Pharmacology Flashcards
Which of the following best describes bromocriptine’s mechanism of action?
A. Partial antagonist for the D1 dopamine receptor and selective agonist for the D2 dopamine receptor.
B. Selective agonist for the D1 dopamine receptor and selective agonist for the D2 dopamine receptor.
C. Partial agonist for the D1 dopamine receptor and selective antagonist for the D2 dopamine receptor.
D. Selective antagonist for the D1 dopamine receptor and partial agonist for the D2 dopamine receptor.
E. Partial antagonist for the D1 dopamine receptor and selective antagonist for the D2 dopamine receptor.
**Partial antagonist for the D1 dopamine receptor and selective agonist for the D2 dopamine receptor.
**
The correct answer choice is partial antagonist for the D1 receptor and selective agonist for the D2 receptor. In treating prolactinomas, bromocriptine’s D2 agonistic effect on the pituitary lactotrophs blocks prolactin exocytosis and gene expression while also suppressing cell growth. In acromegaly, the dopaminergic effect causes blocking of growth hormone release through the tuberoinfundibular pathways.
Bromocriptine’s antagonistic effect via the D1 receptor is less significant as it is only a partial antagonist.
The mechanism of action of lidocaine is which of the following?
A. Altering depolarization by blocking voltage-gated sodium channels.
B. Binding to 5-HT receptor
C. Enzymatic inhibition
D. Inhibition of pre-synaptic gated calcium channels
E. Blocking dopamine reuptake
Altering depolarization by blocking voltage-gated sodium channels.
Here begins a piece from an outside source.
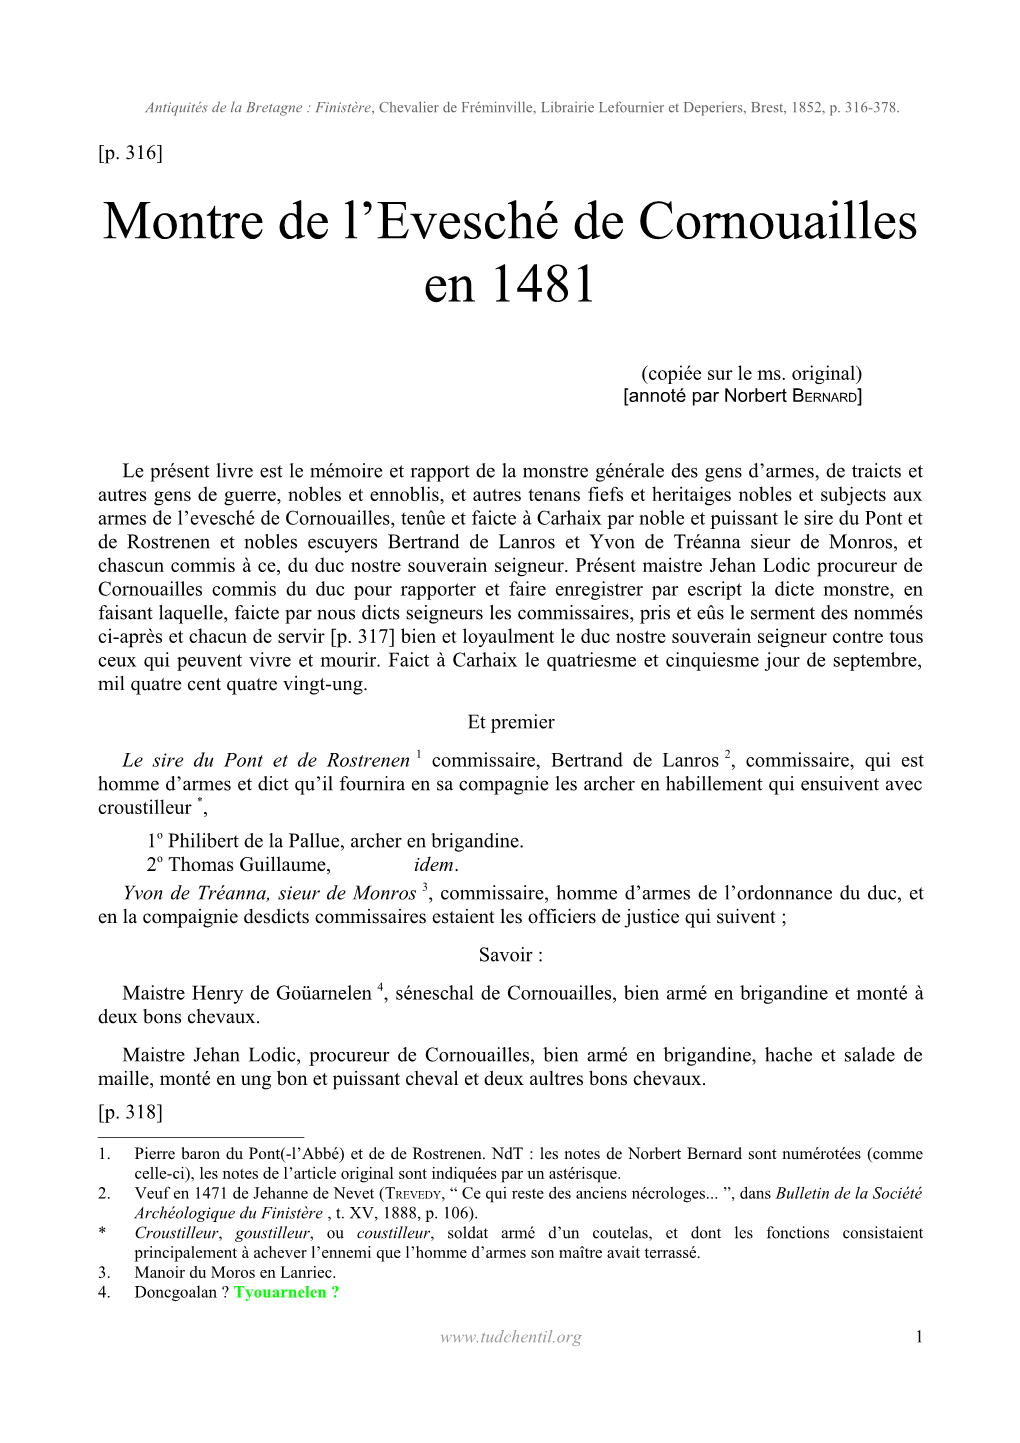 Montre De L'evesché De Cornouailles En 1481

Lidocaine alters depolarization by blocking voltage-gated sodium channels.
Cocaine acts on the CNS at the presynaptic terminal through blocking reuptake of dopamine in the neuronal synapse. Dopamine then accumulates in the synapse to produce an amplified signal to the receiving neurons. This contributes to the euphoria commonly experienced when taking cocaine.
Binding to the 5-HT receptor is the mechanism of action of serotonin.
Enzymatic inhibition is the mechanism by which non-steroidal anti-inflammatory drugs induce pain modification.
Inhibition of pre-synaptic gated calcium channels is the mechanism of action of opioids.
Which of the following mechanisms is most likely to explain the antinociceptive effects of cannabinoids?
A. Modulation of inhibitory interneurons
B. Inhibition of pre-synaptic gated calcium channels
C. Descending inhibition on nociceptor neurons
D. Binding to pre-synaptic membrane receptors to decrease excitability
E. Enzymatic inhibition
Binding to pre-synaptic membrane receptors to decrease excitability
Cannabinoids likely create their antinociceptive effects by binding to pre-synaptic membrane receptors to decrease excitability.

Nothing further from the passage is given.